Finding a suitable ontology from the
Internet is a hard task. There is still no good tool to handle this problem.
Google offers a powerful web search engine. However, with regard to the
ontology searching, it has its own problems, such as a lack of visualization
facilities. Google APIs give us a chance
to develop our own tool (Onto Search) to search the relevant ontology files to
meet the user requirements. In this article, we discuss the issue of searching
for relevant ontologies on the Internet and introduce our tool, Onto Search. In
section 2, we give some background to our research and list some current
problems. In section 3, Onto Search is introduced in detail. In section 4, some
discussion and future work are given followed by a brief summary.
2.
Background
2.1
IKB: Identify Knowledge Base
Reuse of knowledge bases is a promising
area in knowledge technologies and many researchers are focusing on how to
reuse existing knowledge bases for different applications. Such requests for
reuse are often specified as a knowledge base (KB) characterization problem: Require knowledge
base on topic T, conforming to the set of constraints C .There
are two key points here: 1) Decide what the principal topic (T) of a given
knowledge base is. 2) Decide whether a KB conforms to certain constraints C. As
we noted, determining the principal topic of an existing knowledge base (KB) is
an important step in the reuse of knowledge bases. Identify-knowledge -Base (IKB)
is a tool to suggest the principal topic(s) addressed by a knowledge base.
It matches concepts extracted from a particular knowledge base against some reference
taxonomy, where the taxonomy can be pre -stored or extracted from ontologies
which are either stored on the local machine or are accessible through the WWW.

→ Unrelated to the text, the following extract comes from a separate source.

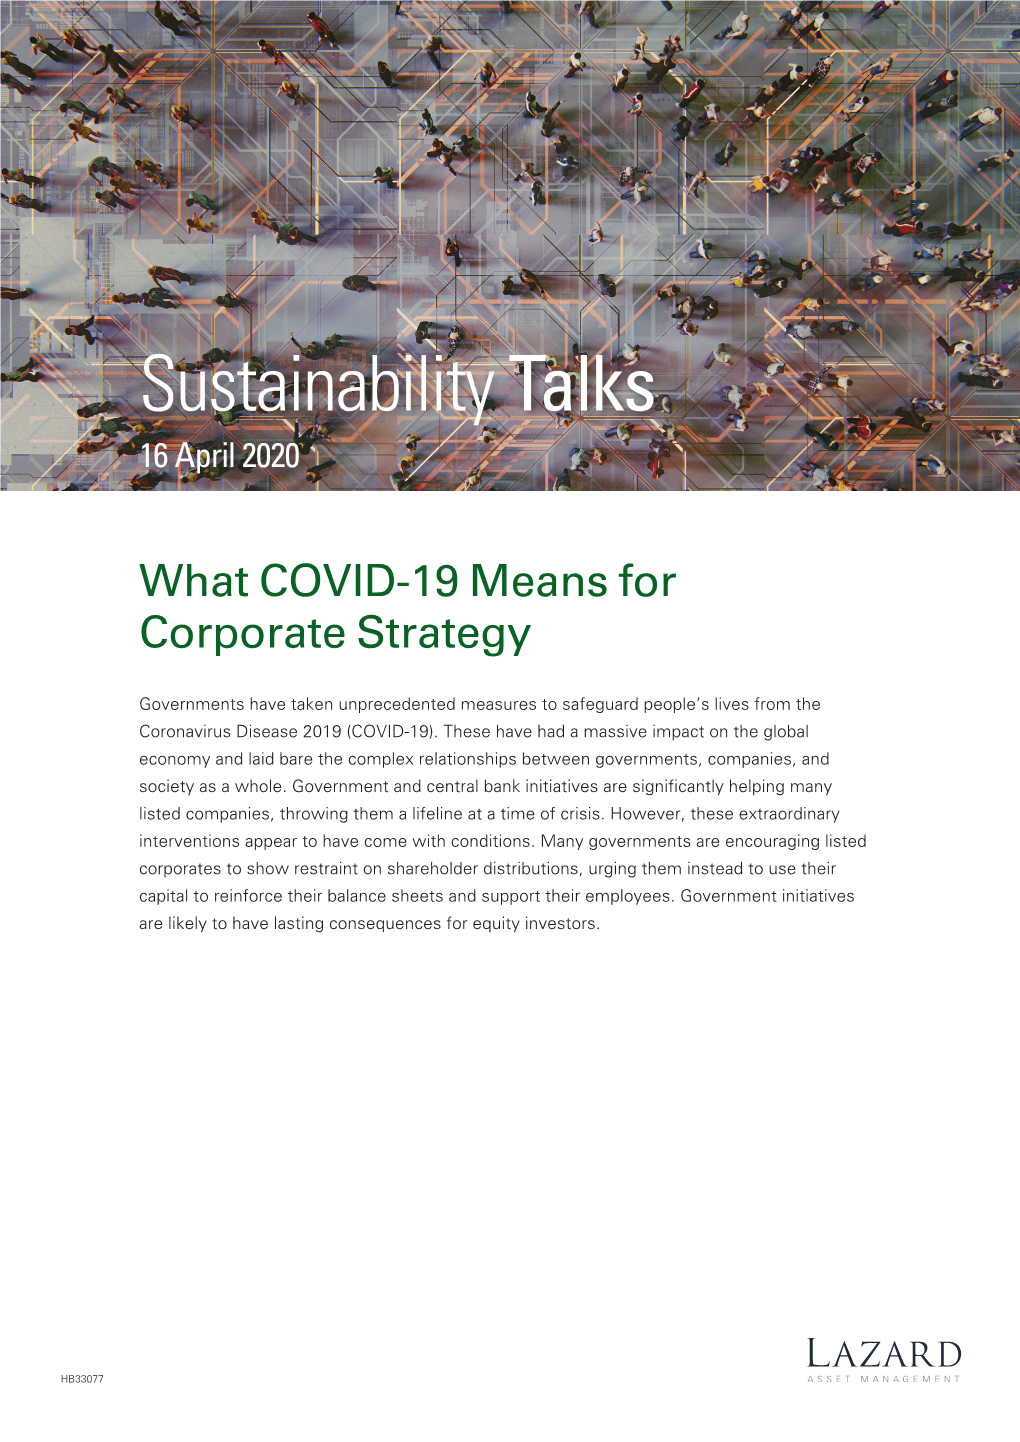 Sustainability Talks: What COVID-19 Means for Corporate Strategy
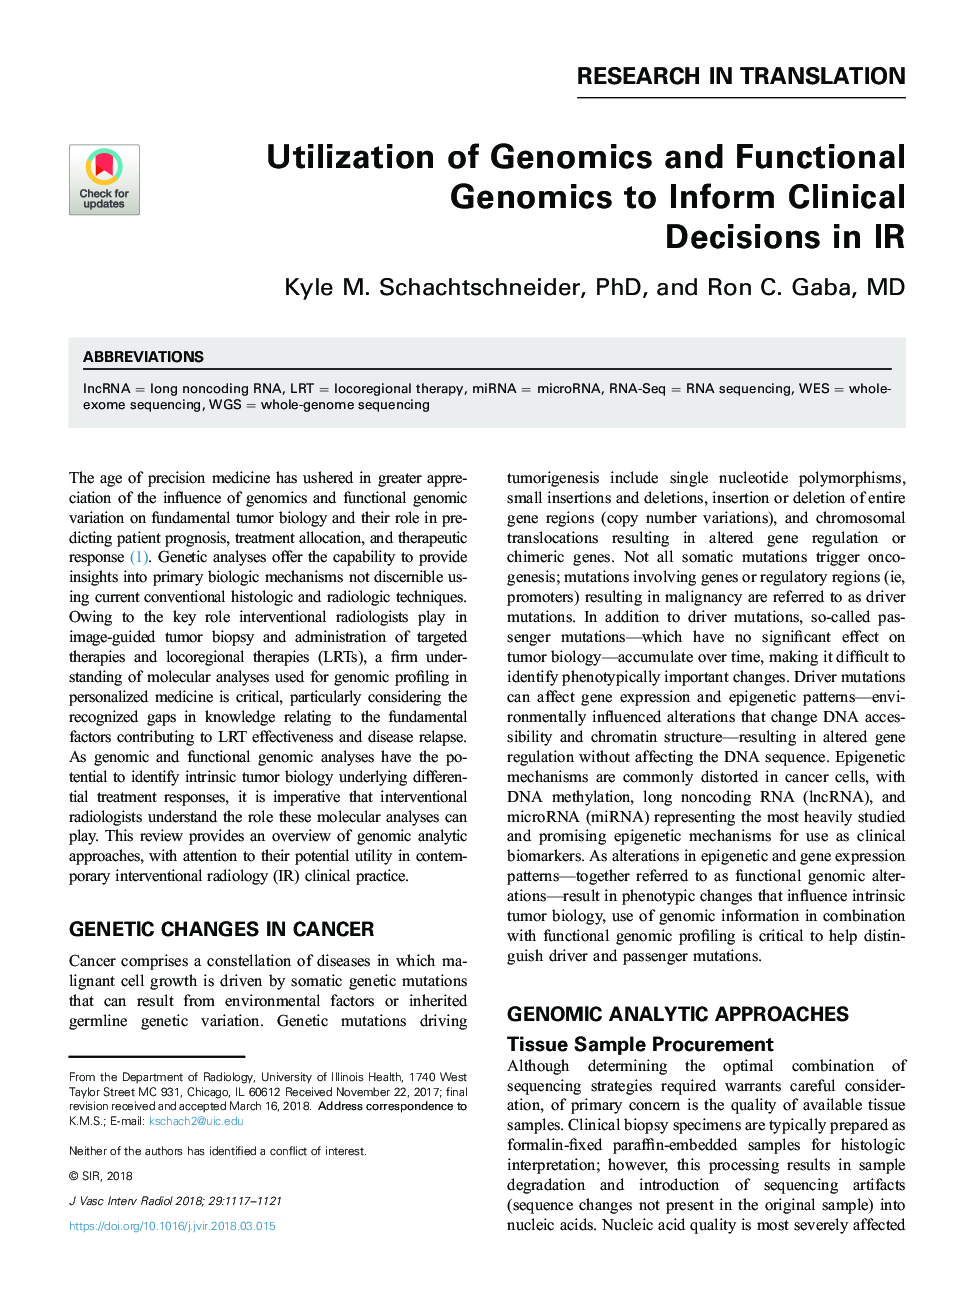 Utilization of Genomics and Functional Genomics to Inform Clinical DecisionsÂ in IR

The 'most specific' super-concept subsuming these extracted concepts is said to
be the principal topic of the knowledge base.
Figire
1:Taxonomy showing different kinds of food
Here we give a simple example about taxonomy
of Food. If the concepts {Apples, Pears} are extracted and passed to the IKB
system, the system would suggest that {Fruit} might be the focus of the
knowledge base. Similarly, if the concepts {Apples, Potatoes, and Carrots} are
extracted, {Fruit vegetables} would be the output. If the set of concepts
{Potatoes, Chicken and Game} is provided, topic {Food} would be returned as the
result. The IKB system is implemented in Java, Jena, a Java API, is used to
manipulate RDF models. The ExtrAKT system developed at Edinburgh University is used
to extract concepts from a Prolog knowledge base and then passes them to the IKB
system.
There are two main inputs in the IKB
system: extracted concepts from KB and reference taxonomy. The concepts can be extracted
by the ExtrAKT system. However, choosing suitable reference ontology is very
hard. In using the IKB system, we found that there are a huge number of
ontologies available online; but finding relevant reference ontology for some
particular KB is not an easy job at all. However, finding relevant reference
ontology taxonomy is essential for using the IKB system.
2.1.1 Knowledge Flow
The first step to
design a knowledge management system is to identify the knowledge flows of the
system. Knowledge flows comprise a set of processes, events and activities
through which data, information, knowledge and metaknowledge
are
captured, transferred, and transformed from one state to another. Our framework
has four types of knowledge artifacts due to different level of conceptualization..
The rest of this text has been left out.